St George’s Theatre in Great Yarmouth has reopened after an £8 million refurbishment, having been beset by months of construction delays and the relocation of several shows.
The 300-seat venue, located within a 16th-century chapel, launched its preview season last week after Great Yarmouth Borough Council handed over the lease of the premises to the St George’s Arts Centre Trust.
All of the remaining shows that had been relocated have now been moved back to the grade I-listed building.
The chapel was converted into a theatre in 1972, but structural deterioration forced it to close in 2006.
The renovation project was launched in 2009 after the venue was awarded several grants, including £2.9 million from a government programme designed to rejuvenate seaside towns and £2 million from the Heritage Lottery Fund. It was part of a wider £9.3 million plan for the area surrounding the chapel, led by the borough council.
The theatre was intended to reopen in February this year, but construction delays pushed the date back.
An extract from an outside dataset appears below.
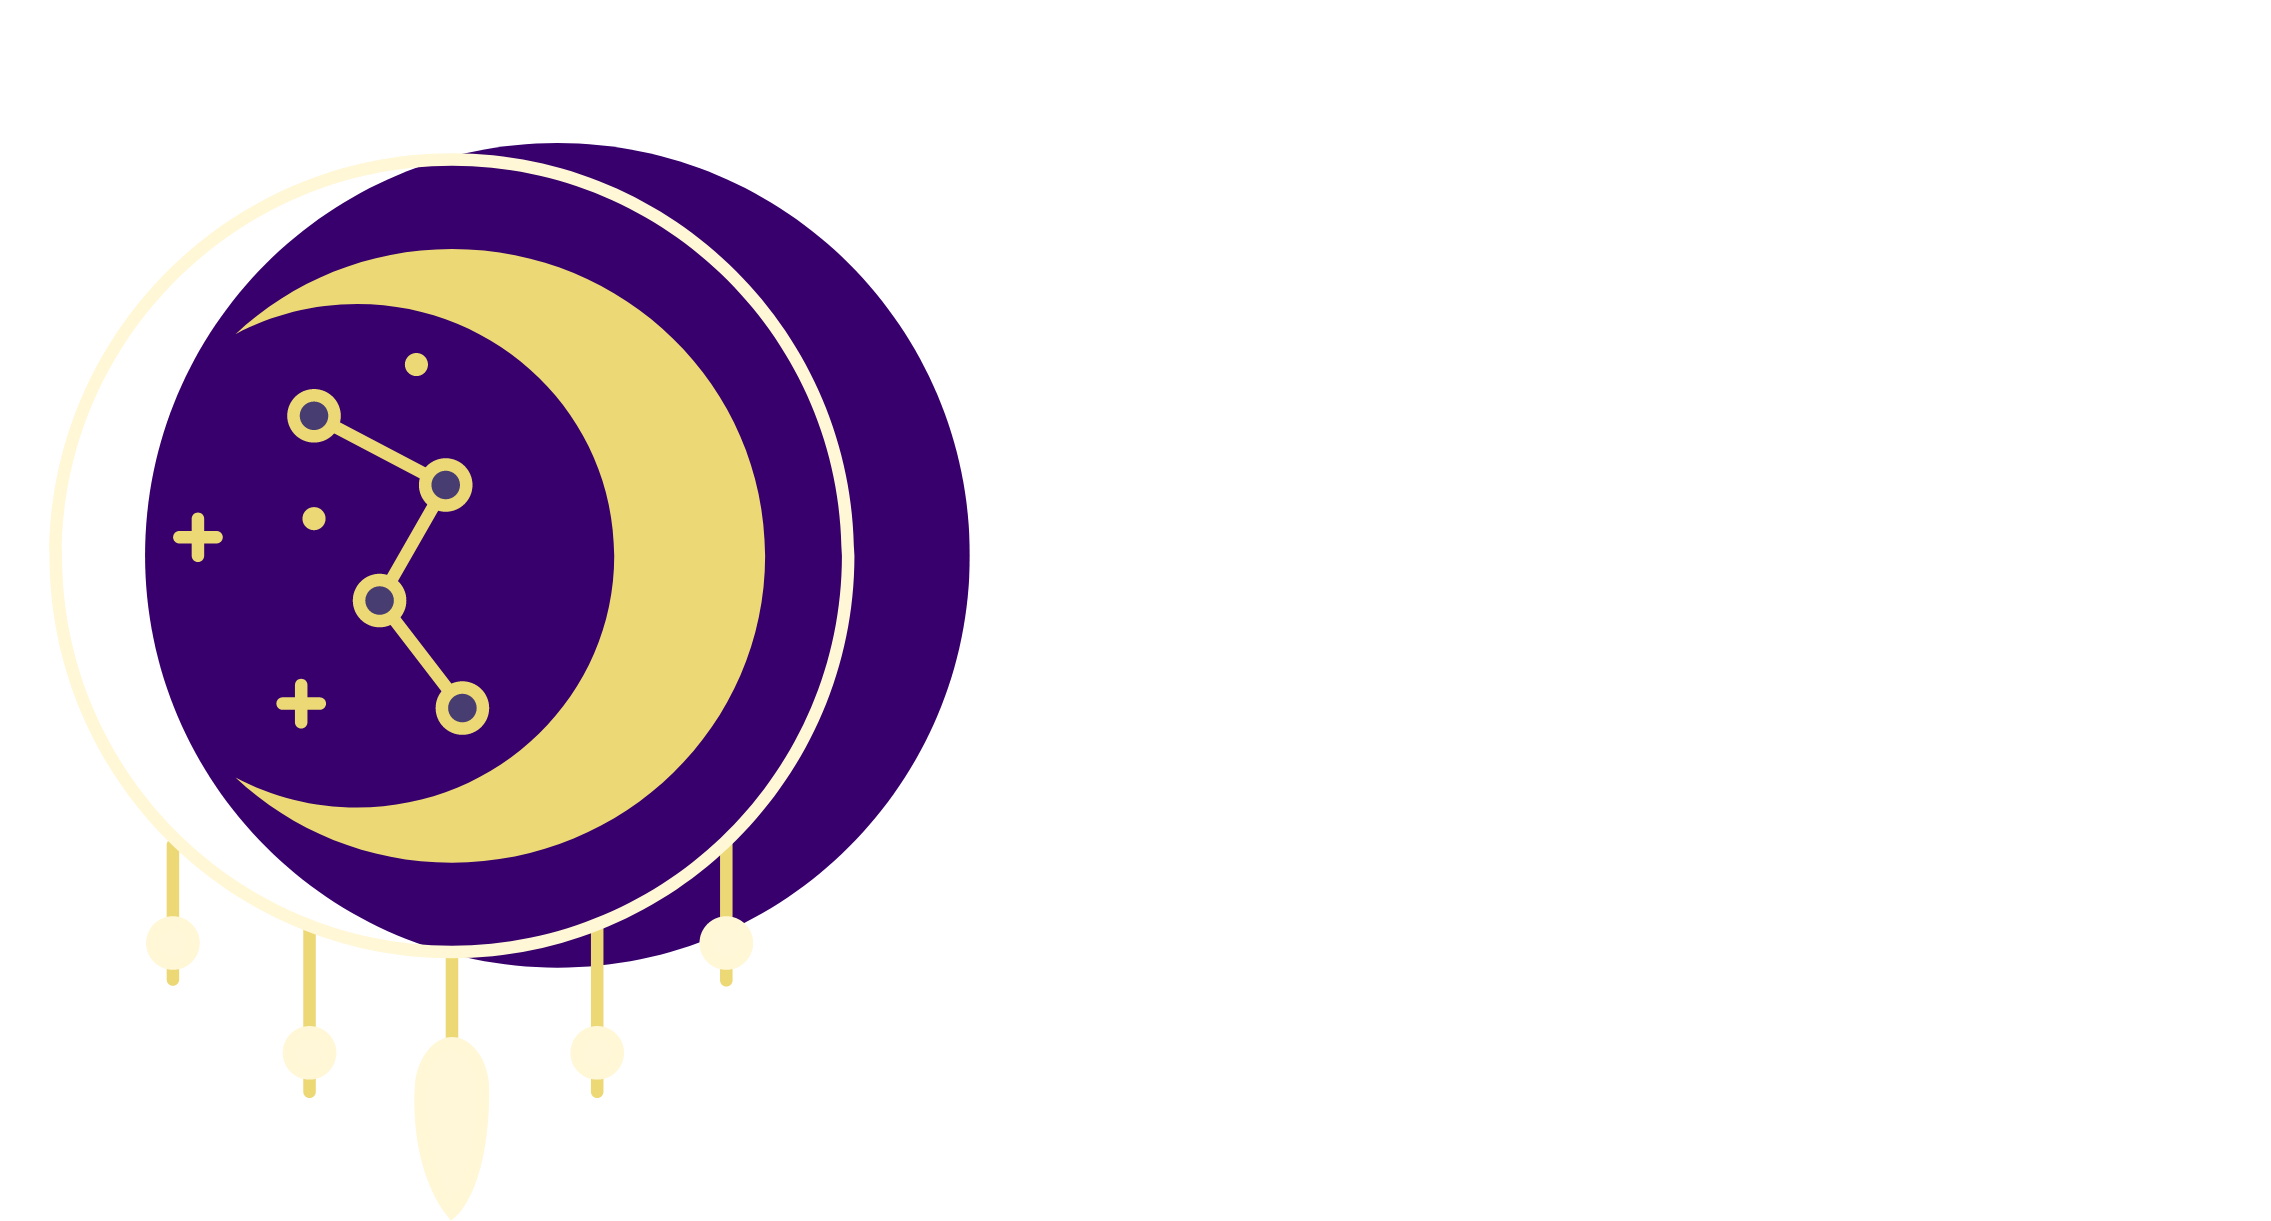 PICHORO

In September, the venue announced it would be unable to host its new programme because of a structural fault in the neighbouring cafe pavilion. A dispute between the construction company and architect over who was liable for the fault, and the council’s refusal to accept a partial handover of the site, delayed the opening.
Trevor Wainwright, leader of Great Yarmouth Borough Council, confirmed that work on the pavilion, which contains catering, toilet and front-of-house facilities, has now recommenced and is expected to be complete by spring 2013.
He said: “Work on the [pavilion] structure is now back under way and it is hoped it will be finished by the spring. In the meantime, that area of the site will remain protected by hoardings.
“The opening of St George’s Theatre is wonderful news for the borough. Great Yarmouth Borough Council has worked hard for some years to secure as much funding as possible in order to preserve one of the town’s most iconic buildings – which had fallen into a state of disrepair,” he added.
In reference to whether the architect or construction company had been found liable for the fault, a spokesman said there were “provisions in the contract” for dealing with this and that “discussions are ongoing.”